The fine is the first of its kind against a digital bank and comes as watchdogs step up scrutiny of neobanks’ financial crime regulations.
In 2022, the FCA warned that a sharp increase in reports to the National Crime Agency “raises concerns about the adequacy of criminal investigations”. [neobanks’] The watchdog is conducting a separate civil investigation into money laundering regulations at Starling rival Monzo Bank, and has downgraded the bank from a criminal case, the bank said in an annual report in June. This was revealed in the report.
In recent years, the FCA has awarded UK Santander £108 million in 2022 and NatWest £265 million in 2021 for failings in the major banking system to stop financial crime and money laundering. It has imposed the highest fines ever, including a fine of 10,000 pounds.
Claire Cross, partner at law firm Coker Binning, said: “We expect to see further action by regulators against fintechs, as these represent an area of the market that is under intense scrutiny by the FCA. be.”

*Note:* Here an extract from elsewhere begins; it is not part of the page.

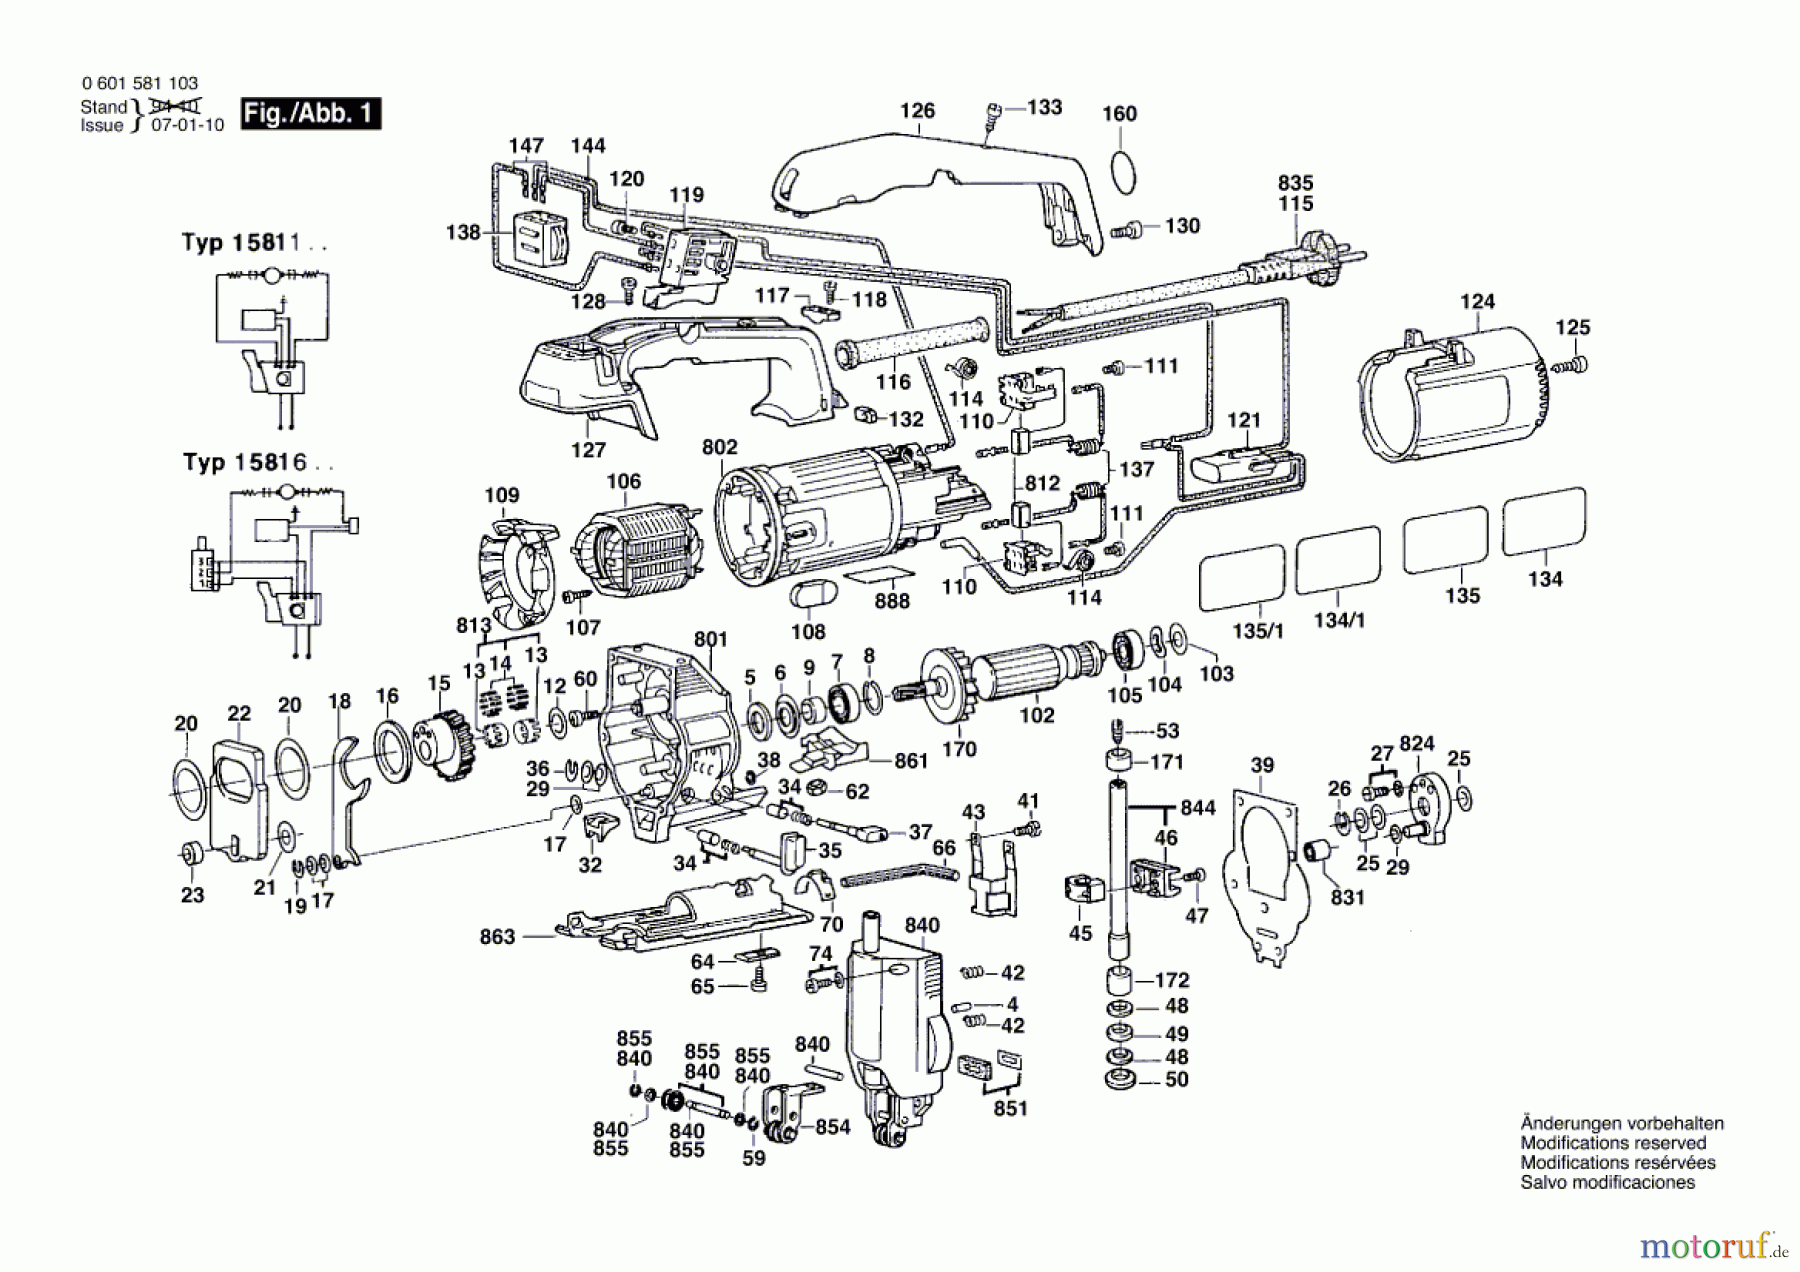  Bosch Werkzeug Stichsäge GST 60 PB Seite 1

Startups are struggling to tighten financial crime regulations as quickly as they are attracting new customers, while a wave of sanctions imposed after Russia’s invasion of Ukraine in 2022 has made it difficult for banks to attract new customers. The amount of due diligence that must be carried out is increasing.
Mr Stirling’s co-operation with the FCA entitled him to a 30% reduction in his fine, which would have otherwise amounted to £41m, according to the findings.
“We apologize for the shortcomings identified by the FCA and would like to reassure them that we have made significant investments to put things right, including strengthening the governance and capacity of our boards,” Sterling Chairman David Sproul said in a statement. .
Starling’s executives include Mr Sproul, who previously led the UK operations of Big Four accountancy firm Deloitte, as well as Tracy Clark, former head of Europe and Americas at Standard Chartered.
Kathryn Westmore, a senior fellow at the Center for Finance and Security at the Royal United Services Institute think tank, said the FCA had been “very critical” of Sterling’s senior management.
The FCA said the bank’s “senior management team collectively lacked the experience and capacity to effectively implement its voluntary agreements with regulators regarding high-risk customers”.
“Challenger banks and fintechs often struggle to gain senior buy-in on financial crime compliance, including understanding the threat and ensuring adequate resources for compliance,” Westmore said. said.
“This is a hefty fine and many businesses, especially digital banks and payment companies, should pay attention,” she added.
Starling founder Anne Bowden last year over fund manager Jupiter’s decision to sell its stake in the bank in February 2023 at a price that would reduce Starling’s valuation from £2.5 billion to £1 billion to £1.5 billion. He resigned as CEO after getting into an argument with investors. .
Sproul said the failure was “historic” and that lessons had been learned from the investigation.